*** Entries shown Section Begins ***

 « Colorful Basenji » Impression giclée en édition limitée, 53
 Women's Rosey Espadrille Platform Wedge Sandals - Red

*** Entries shown Section Ends ***
*** Entries shown Section Begins ***

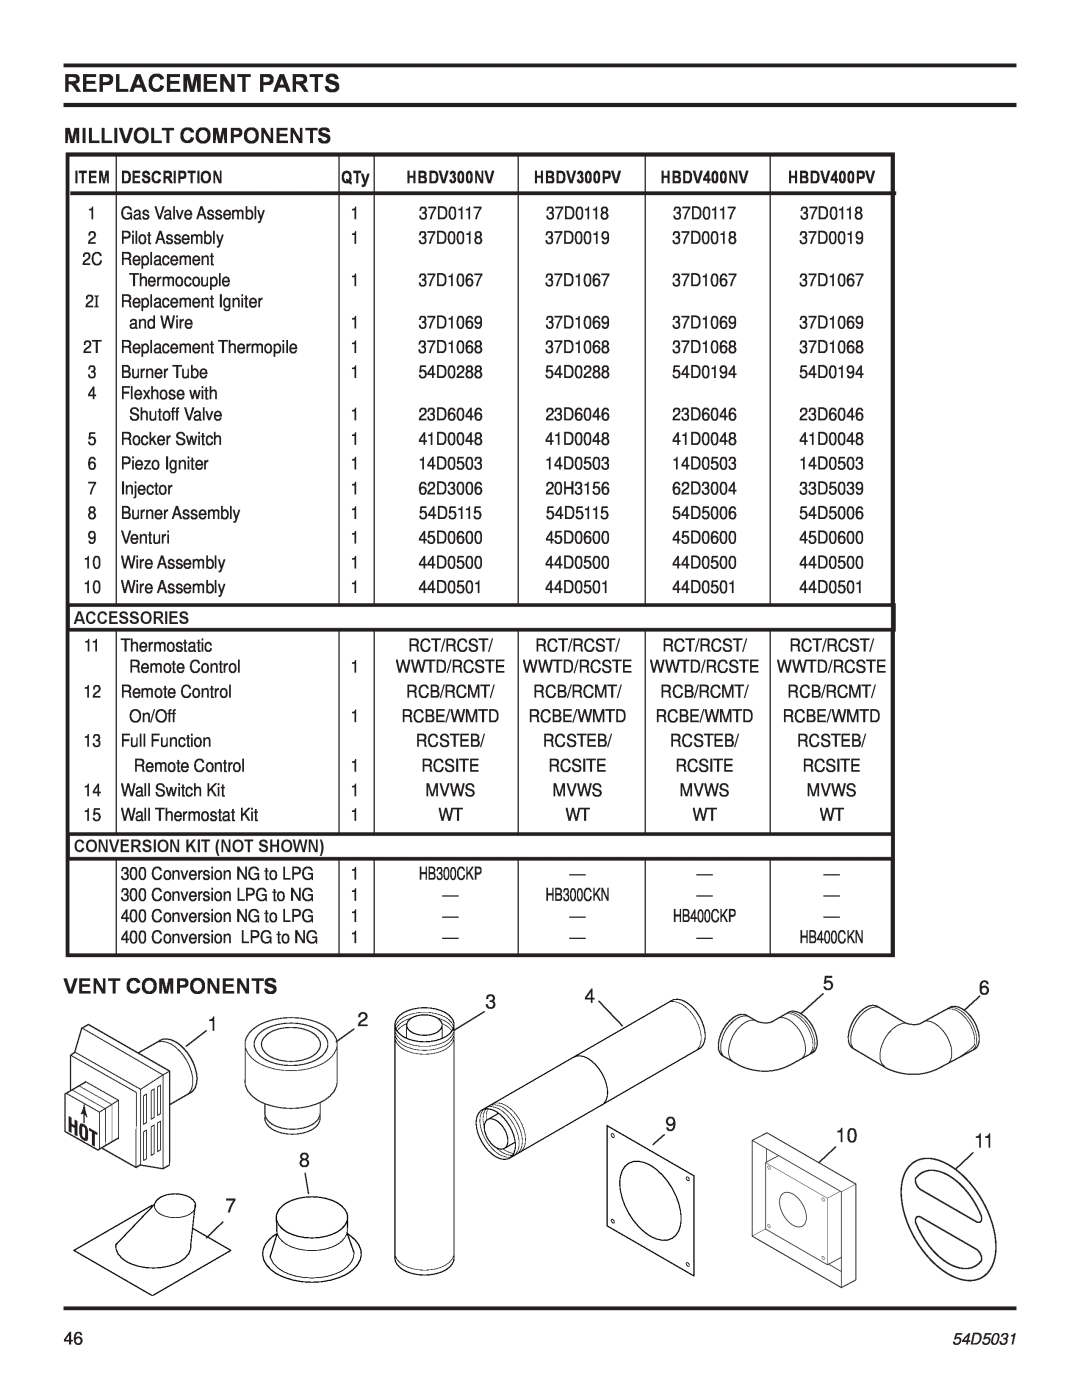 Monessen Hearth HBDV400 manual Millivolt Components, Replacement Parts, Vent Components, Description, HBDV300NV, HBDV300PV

*** Entries shown Section Ends ***
*** Entries shown Section Begins ***

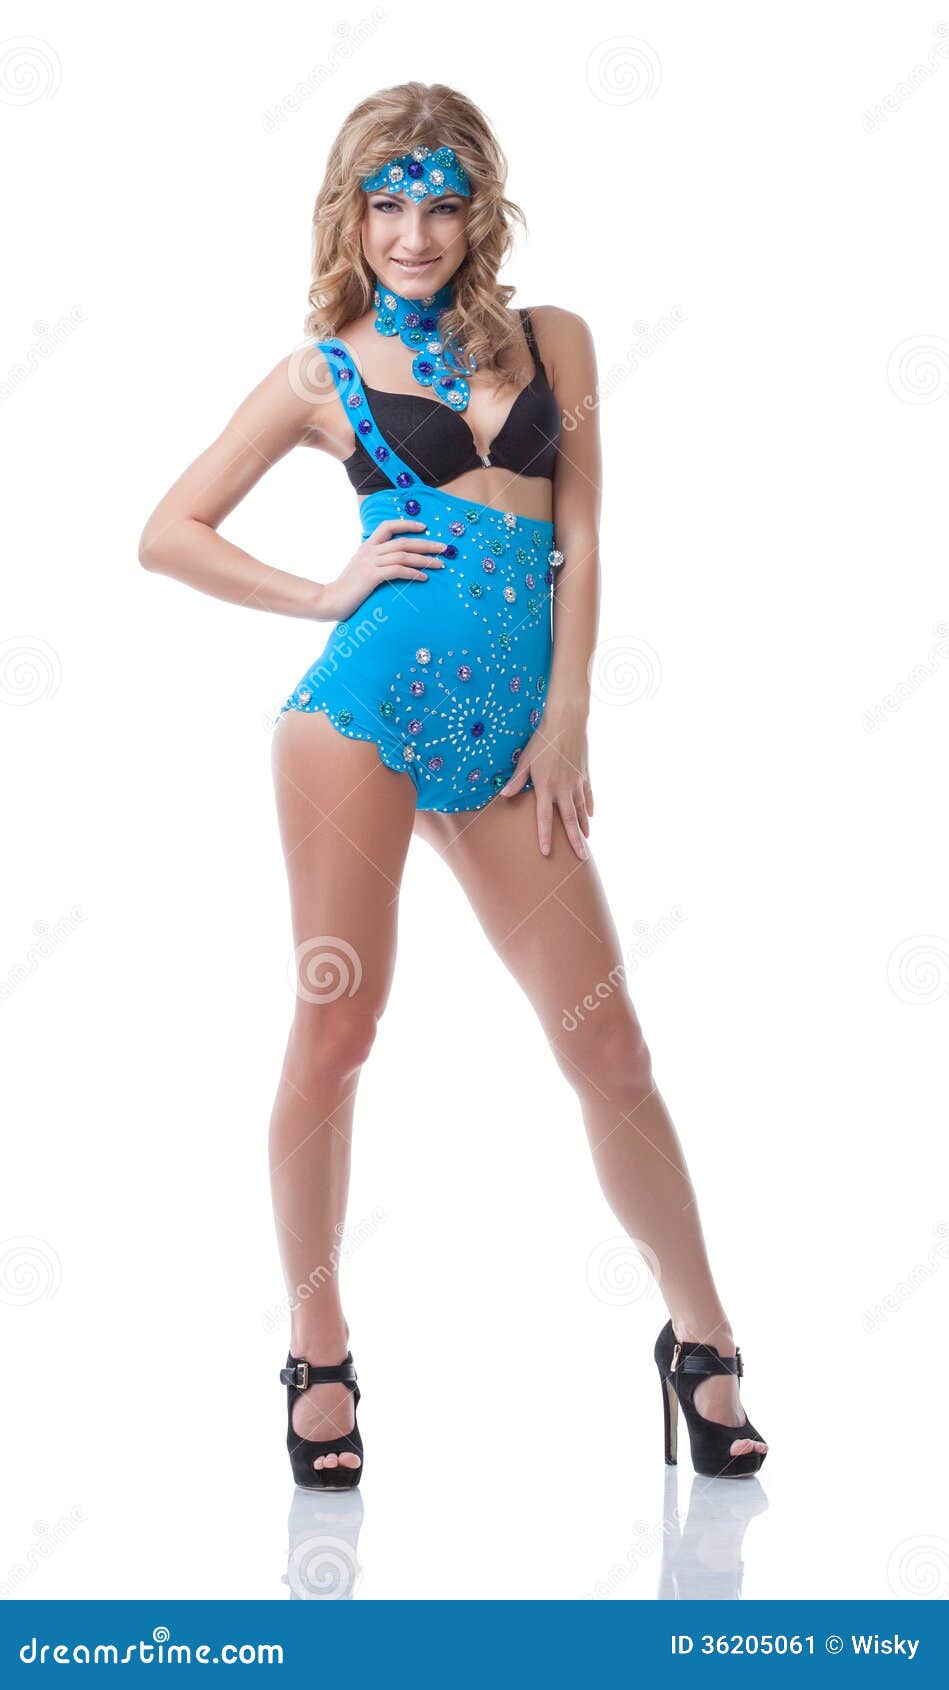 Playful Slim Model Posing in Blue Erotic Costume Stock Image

*** Entries shown Section Ends ***

*Exercise directions:* For the lines above, output exactly those from the line containing "édition limitée, 53" through the line containing "Women's Rosey Espadrille", and skip the others.

*Response box:*
 « Colorful Basenji » Impression giclée en édition limitée, 53
 Women's Rosey Espadrille Platform Wedge Sandals - Red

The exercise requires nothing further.